#### [Prompt]
Below is a listing; return it in full, exactly as it appears.

[Opening Records section]

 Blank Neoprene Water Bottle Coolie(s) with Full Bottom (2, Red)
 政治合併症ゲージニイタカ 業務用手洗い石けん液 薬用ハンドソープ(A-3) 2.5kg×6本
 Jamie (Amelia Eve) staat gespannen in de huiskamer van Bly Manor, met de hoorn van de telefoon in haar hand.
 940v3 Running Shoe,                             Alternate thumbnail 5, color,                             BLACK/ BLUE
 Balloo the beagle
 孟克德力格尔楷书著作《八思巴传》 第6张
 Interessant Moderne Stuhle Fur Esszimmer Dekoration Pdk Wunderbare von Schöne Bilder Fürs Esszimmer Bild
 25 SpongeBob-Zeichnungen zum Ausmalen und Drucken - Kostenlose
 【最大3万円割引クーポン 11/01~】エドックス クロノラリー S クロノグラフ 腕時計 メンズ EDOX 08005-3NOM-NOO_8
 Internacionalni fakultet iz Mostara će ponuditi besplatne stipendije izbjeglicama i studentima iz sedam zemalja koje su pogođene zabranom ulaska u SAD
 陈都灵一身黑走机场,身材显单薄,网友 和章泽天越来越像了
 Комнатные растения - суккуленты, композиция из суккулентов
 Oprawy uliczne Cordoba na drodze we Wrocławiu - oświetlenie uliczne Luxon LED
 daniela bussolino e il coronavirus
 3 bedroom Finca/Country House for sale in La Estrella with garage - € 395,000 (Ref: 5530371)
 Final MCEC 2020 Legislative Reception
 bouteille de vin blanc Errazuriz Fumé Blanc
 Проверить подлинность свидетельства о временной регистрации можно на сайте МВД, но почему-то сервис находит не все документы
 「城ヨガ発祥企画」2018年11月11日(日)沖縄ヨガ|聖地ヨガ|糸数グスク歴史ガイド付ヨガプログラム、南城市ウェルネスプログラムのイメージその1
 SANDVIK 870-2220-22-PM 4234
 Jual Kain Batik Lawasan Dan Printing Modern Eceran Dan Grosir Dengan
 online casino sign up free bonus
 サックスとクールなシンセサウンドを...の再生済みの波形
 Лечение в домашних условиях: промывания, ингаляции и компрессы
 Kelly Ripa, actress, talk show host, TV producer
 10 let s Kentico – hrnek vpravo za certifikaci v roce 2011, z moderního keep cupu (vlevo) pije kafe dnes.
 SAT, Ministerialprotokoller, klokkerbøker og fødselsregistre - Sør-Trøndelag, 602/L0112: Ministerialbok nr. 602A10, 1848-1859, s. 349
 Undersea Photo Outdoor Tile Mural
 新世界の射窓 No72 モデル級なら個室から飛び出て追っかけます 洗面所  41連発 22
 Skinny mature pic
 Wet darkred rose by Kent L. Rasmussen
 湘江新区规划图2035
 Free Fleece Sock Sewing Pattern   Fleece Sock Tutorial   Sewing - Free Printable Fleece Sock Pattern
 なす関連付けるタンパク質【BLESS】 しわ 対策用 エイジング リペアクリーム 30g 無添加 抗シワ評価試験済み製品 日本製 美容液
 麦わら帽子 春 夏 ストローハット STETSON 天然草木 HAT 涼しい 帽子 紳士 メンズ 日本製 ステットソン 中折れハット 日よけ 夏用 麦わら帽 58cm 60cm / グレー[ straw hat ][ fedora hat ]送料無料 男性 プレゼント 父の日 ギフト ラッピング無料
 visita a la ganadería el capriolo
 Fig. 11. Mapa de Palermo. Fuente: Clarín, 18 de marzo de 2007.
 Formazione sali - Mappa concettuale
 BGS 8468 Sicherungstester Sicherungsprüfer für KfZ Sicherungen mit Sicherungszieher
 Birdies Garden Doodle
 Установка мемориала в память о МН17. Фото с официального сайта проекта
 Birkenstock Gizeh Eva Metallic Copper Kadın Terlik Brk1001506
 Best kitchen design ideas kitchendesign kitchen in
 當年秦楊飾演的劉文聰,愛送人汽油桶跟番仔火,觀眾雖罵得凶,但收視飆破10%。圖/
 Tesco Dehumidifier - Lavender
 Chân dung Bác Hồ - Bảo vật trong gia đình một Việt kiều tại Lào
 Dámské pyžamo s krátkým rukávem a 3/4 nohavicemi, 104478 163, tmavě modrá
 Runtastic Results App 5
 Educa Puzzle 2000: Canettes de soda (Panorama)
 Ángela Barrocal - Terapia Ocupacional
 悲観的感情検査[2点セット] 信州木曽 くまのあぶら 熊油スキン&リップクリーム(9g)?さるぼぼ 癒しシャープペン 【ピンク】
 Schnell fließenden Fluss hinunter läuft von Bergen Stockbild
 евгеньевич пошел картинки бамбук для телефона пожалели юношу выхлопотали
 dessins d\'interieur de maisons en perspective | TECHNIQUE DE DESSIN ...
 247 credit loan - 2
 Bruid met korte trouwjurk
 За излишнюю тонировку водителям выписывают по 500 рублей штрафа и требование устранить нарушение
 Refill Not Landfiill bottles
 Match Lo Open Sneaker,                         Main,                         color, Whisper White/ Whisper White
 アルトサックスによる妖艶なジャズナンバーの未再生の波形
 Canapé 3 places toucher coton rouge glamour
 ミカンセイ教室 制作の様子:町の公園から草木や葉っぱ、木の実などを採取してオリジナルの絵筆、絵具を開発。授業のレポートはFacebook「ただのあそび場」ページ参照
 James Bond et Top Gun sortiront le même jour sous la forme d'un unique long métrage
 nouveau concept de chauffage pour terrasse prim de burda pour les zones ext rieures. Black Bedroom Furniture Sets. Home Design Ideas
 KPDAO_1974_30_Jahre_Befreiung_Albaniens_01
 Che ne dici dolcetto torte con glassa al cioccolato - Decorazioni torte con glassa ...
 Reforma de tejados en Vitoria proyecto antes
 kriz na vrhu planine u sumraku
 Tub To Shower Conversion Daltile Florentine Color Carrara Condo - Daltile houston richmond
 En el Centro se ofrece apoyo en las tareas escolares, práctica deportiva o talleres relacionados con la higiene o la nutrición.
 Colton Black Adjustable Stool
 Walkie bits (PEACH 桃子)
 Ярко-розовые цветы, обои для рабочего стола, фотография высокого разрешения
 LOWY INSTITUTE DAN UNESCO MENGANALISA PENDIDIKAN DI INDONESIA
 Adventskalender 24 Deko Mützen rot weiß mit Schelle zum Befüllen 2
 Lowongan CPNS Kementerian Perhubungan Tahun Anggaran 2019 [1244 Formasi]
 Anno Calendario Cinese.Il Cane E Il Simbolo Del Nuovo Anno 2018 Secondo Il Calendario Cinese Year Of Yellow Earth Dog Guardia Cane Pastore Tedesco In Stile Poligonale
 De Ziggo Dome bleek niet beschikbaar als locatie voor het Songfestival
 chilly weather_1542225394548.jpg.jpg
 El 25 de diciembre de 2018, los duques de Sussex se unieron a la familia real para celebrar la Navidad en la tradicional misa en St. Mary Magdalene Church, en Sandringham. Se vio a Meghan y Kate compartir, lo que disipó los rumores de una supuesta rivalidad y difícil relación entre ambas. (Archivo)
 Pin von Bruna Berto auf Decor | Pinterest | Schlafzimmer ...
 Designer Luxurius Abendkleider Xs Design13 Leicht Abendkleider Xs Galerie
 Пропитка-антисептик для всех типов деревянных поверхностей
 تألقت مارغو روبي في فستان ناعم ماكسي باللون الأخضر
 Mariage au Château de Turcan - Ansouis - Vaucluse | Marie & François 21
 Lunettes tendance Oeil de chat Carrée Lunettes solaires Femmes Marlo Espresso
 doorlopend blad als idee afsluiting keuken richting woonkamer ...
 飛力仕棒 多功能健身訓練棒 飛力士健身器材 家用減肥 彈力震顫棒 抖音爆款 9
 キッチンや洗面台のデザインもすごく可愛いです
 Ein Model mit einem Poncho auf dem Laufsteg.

[Closing Records section]

#### [Task response]
 Blank Neoprene Water Bottle Coolie(s) with Full Bottom (2, Red)
 政治合併症ゲージニイタカ 業務用手洗い石けん液 薬用ハンドソープ(A-3) 2.5kg×6本
 Jamie (Amelia Eve) staat gespannen in de huiskamer van Bly Manor, met de hoorn van de telefoon in haar hand.
 940v3 Running Shoe,                             Alternate thumbnail 5, color,                             BLACK/ BLUE
 Balloo the beagle
 孟克德力格尔楷书著作《八思巴传》 第6张
 Interessant Moderne Stuhle Fur Esszimmer Dekoration Pdk Wunderbare von Schöne Bilder Fürs Esszimmer Bild
 25 SpongeBob-Zeichnungen zum Ausmalen und Drucken - Kostenlose
 【最大3万円割引クーポン 11/01~】エドックス クロノラリー S クロノグラフ 腕時計 メンズ EDOX 08005-3NOM-NOO_8
 Internacionalni fakultet iz Mostara će ponuditi besplatne stipendije izbjeglicama i studentima iz sedam zemalja koje su pogođene zabranom ulaska u SAD
 陈都灵一身黑走机场,身材显单薄,网友 和章泽天越来越像了
 Комнатные растения - суккуленты, композиция из суккулентов
 Oprawy uliczne Cordoba na drodze we Wrocławiu - oświetlenie uliczne Luxon LED
 daniela bussolino e il coronavirus
 3 bedroom Finca/Country House for sale in La Estrella with garage - € 395,000 (Ref: 5530371)
 Final MCEC 2020 Legislative Reception
 bouteille de vin blanc Errazuriz Fumé Blanc
 Проверить подлинность свидетельства о временной регистрации можно на сайте МВД, но почему-то сервис находит не все документы
 「城ヨガ発祥企画」2018年11月11日(日)沖縄ヨガ|聖地ヨガ|糸数グスク歴史ガイド付ヨガプログラム、南城市ウェルネスプログラムのイメージその1
 SANDVIK 870-2220-22-PM 4234
 Jual Kain Batik Lawasan Dan Printing Modern Eceran Dan Grosir Dengan
 online casino sign up free bonus
 サックスとクールなシンセサウンドを...の再生済みの波形
 Лечение в домашних условиях: промывания, ингаляции и компрессы
 Kelly Ripa, actress, talk show host, TV producer
 10 let s Kentico – hrnek vpravo za certifikaci v roce 2011, z moderního keep cupu (vlevo) pije kafe dnes.
 SAT, Ministerialprotokoller, klokkerbøker og fødselsregistre - Sør-Trøndelag, 602/L0112: Ministerialbok nr. 602A10, 1848-1859, s. 349
 Undersea Photo Outdoor Tile Mural
 新世界の射窓 No72 モデル級なら個室から飛び出て追っかけます 洗面所  41連発 22
 Skinny mature pic
 Wet darkred rose by Kent L. Rasmussen
 湘江新区规划图2035
 Free Fleece Sock Sewing Pattern   Fleece Sock Tutorial   Sewing - Free Printable Fleece Sock Pattern
 なす関連付けるタンパク質【BLESS】 しわ 対策用 エイジング リペアクリーム 30g 無添加 抗シワ評価試験済み製品 日本製 美容液
 麦わら帽子 春 夏 ストローハット STETSON 天然草木 HAT 涼しい 帽子 紳士 メンズ 日本製 ステットソン 中折れハット 日よけ 夏用 麦わら帽 58cm 60cm / グレー[ straw hat ][ fedora hat ]送料無料 男性 プレゼント 父の日 ギフト ラッピング無料
 visita a la ganadería el capriolo
 Fig. 11. Mapa de Palermo. Fuente: Clarín, 18 de marzo de 2007.
 Formazione sali - Mappa concettuale
 BGS 8468 Sicherungstester Sicherungsprüfer für KfZ Sicherungen mit Sicherungszieher
 Birdies Garden Doodle
 Установка мемориала в память о МН17. Фото с официального сайта проекта
 Birkenstock Gizeh Eva Metallic Copper Kadın Terlik Brk1001506
 Best kitchen design ideas kitchendesign kitchen in
 當年秦楊飾演的劉文聰,愛送人汽油桶跟番仔火,觀眾雖罵得凶,但收視飆破10%。圖/
 Tesco Dehumidifier - Lavender
 Chân dung Bác Hồ - Bảo vật trong gia đình một Việt kiều tại Lào
 Dámské pyžamo s krátkým rukávem a 3/4 nohavicemi, 104478 163, tmavě modrá
 Runtastic Results App 5
 Educa Puzzle 2000: Canettes de soda (Panorama)
 Ángela Barrocal - Terapia Ocupacional
 悲観的感情検査[2点セット] 信州木曽 くまのあぶら 熊油スキン&リップクリーム(9g)?さるぼぼ 癒しシャープペン 【ピンク】
 Schnell fließenden Fluss hinunter läuft von Bergen Stockbild
 евгеньевич пошел картинки бамбук для телефона пожалели юношу выхлопотали
 dessins d\'interieur de maisons en perspective | TECHNIQUE DE DESSIN ...
 247 credit loan - 2
 Bruid met korte trouwjurk
 За излишнюю тонировку водителям выписывают по 500 рублей штрафа и требование устранить нарушение
 Refill Not Landfiill bottles
 Match Lo Open Sneaker,                         Main,                         color, Whisper White/ Whisper White
 アルトサックスによる妖艶なジャズナンバーの未再生の波形
 Canapé 3 places toucher coton rouge glamour
 ミカンセイ教室 制作の様子:町の公園から草木や葉っぱ、木の実などを採取してオリジナルの絵筆、絵具を開発。授業のレポートはFacebook「ただのあそび場」ページ参照
 James Bond et Top Gun sortiront le même jour sous la forme d'un unique long métrage
 nouveau concept de chauffage pour terrasse prim de burda pour les zones ext rieures. Black Bedroom Furniture Sets. Home Design Ideas
 KPDAO_1974_30_Jahre_Befreiung_Albaniens_01
 Che ne dici dolcetto torte con glassa al cioccolato - Decorazioni torte con glassa ...
 Reforma de tejados en Vitoria proyecto antes
 kriz na vrhu planine u sumraku
 Tub To Shower Conversion Daltile Florentine Color Carrara Condo - Daltile houston richmond
 En el Centro se ofrece apoyo en las tareas escolares, práctica deportiva o talleres relacionados con la higiene o la nutrición.
 Colton Black Adjustable Stool
 Walkie bits (PEACH 桃子)
 Ярко-розовые цветы, обои для рабочего стола, фотография высокого разрешения
 LOWY INSTITUTE DAN UNESCO MENGANALISA PENDIDIKAN DI INDONESIA
 Adventskalender 24 Deko Mützen rot weiß mit Schelle zum Befüllen 2
 Lowongan CPNS Kementerian Perhubungan Tahun Anggaran 2019 [1244 Formasi]
 Anno Calendario Cinese.Il Cane E Il Simbolo Del Nuovo Anno 2018 Secondo Il Calendario Cinese Year Of Yellow Earth Dog Guardia Cane Pastore Tedesco In Stile Poligonale
 De Ziggo Dome bleek niet beschikbaar als locatie voor het Songfestival
 chilly weather_1542225394548.jpg.jpg
 El 25 de diciembre de 2018, los duques de Sussex se unieron a la familia real para celebrar la Navidad en la tradicional misa en St. Mary Magdalene Church, en Sandringham. Se vio a Meghan y Kate compartir, lo que disipó los rumores de una supuesta rivalidad y difícil relación entre ambas. (Archivo)
 Pin von Bruna Berto auf Decor | Pinterest | Schlafzimmer ...
 Designer Luxurius Abendkleider Xs Design13 Leicht Abendkleider Xs Galerie
 Пропитка-антисептик для всех типов деревянных поверхностей
 تألقت مارغو روبي في فستان ناعم ماكسي باللون الأخضر
 Mariage au Château de Turcan - Ansouis - Vaucluse | Marie & François 21
 Lunettes tendance Oeil de chat Carrée Lunettes solaires Femmes Marlo Espresso
 doorlopend blad als idee afsluiting keuken richting woonkamer ...
 飛力仕棒 多功能健身訓練棒 飛力士健身器材 家用減肥 彈力震顫棒 抖音爆款 9
 キッチンや洗面台のデザインもすごく可愛いです
 Ein Model mit einem Poncho auf dem Laufsteg.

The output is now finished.